> REQUIREMENT
Beginning with the opening line, restate the following material exactly, up through the line that contains "Rolex Duty-free Shop, internationalen".

> INFORMATION SHOWN
--- START ---

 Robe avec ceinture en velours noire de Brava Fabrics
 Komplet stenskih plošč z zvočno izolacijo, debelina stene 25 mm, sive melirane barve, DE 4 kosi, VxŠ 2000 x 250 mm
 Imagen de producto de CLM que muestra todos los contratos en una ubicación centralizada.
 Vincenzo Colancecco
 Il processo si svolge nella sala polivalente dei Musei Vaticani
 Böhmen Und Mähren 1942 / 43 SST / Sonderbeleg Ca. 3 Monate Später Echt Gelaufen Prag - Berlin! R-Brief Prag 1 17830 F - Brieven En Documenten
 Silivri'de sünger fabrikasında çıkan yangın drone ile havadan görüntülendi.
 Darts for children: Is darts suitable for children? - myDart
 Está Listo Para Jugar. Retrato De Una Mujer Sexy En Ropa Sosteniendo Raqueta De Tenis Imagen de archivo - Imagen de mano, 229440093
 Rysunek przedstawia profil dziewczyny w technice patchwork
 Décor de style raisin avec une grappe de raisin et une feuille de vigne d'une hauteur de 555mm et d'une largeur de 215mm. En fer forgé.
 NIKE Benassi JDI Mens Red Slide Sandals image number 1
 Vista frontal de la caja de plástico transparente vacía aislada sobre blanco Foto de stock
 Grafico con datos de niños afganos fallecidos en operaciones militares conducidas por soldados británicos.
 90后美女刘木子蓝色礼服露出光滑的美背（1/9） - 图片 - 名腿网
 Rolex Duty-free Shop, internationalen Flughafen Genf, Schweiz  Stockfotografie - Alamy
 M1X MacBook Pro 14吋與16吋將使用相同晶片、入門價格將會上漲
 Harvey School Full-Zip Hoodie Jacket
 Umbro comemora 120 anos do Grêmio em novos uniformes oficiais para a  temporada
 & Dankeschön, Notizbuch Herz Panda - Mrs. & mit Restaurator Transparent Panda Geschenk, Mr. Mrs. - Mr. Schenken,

--- END ---

> RESULT OF THE TASK
 Robe avec ceinture en velours noire de Brava Fabrics
 Komplet stenskih plošč z zvočno izolacijo, debelina stene 25 mm, sive melirane barve, DE 4 kosi, VxŠ 2000 x 250 mm
 Imagen de producto de CLM que muestra todos los contratos en una ubicación centralizada.
 Vincenzo Colancecco
 Il processo si svolge nella sala polivalente dei Musei Vaticani
 Böhmen Und Mähren 1942 / 43 SST / Sonderbeleg Ca. 3 Monate Später Echt Gelaufen Prag - Berlin! R-Brief Prag 1 17830 F - Brieven En Documenten
 Silivri'de sünger fabrikasında çıkan yangın drone ile havadan görüntülendi.
 Darts for children: Is darts suitable for children? - myDart
 Está Listo Para Jugar. Retrato De Una Mujer Sexy En Ropa Sosteniendo Raqueta De Tenis Imagen de archivo - Imagen de mano, 229440093
 Rysunek przedstawia profil dziewczyny w technice patchwork
 Décor de style raisin avec une grappe de raisin et une feuille de vigne d'une hauteur de 555mm et d'une largeur de 215mm. En fer forgé.
 NIKE Benassi JDI Mens Red Slide Sandals image number 1
 Vista frontal de la caja de plástico transparente vacía aislada sobre blanco Foto de stock
 Grafico con datos de niños afganos fallecidos en operaciones militares conducidas por soldados británicos.
 90后美女刘木子蓝色礼服露出光滑的美背（1/9） - 图片 - 名腿网
 Rolex Duty-free Shop, internationalen Flughafen Genf, Schweiz  Stockfotografie - Alamy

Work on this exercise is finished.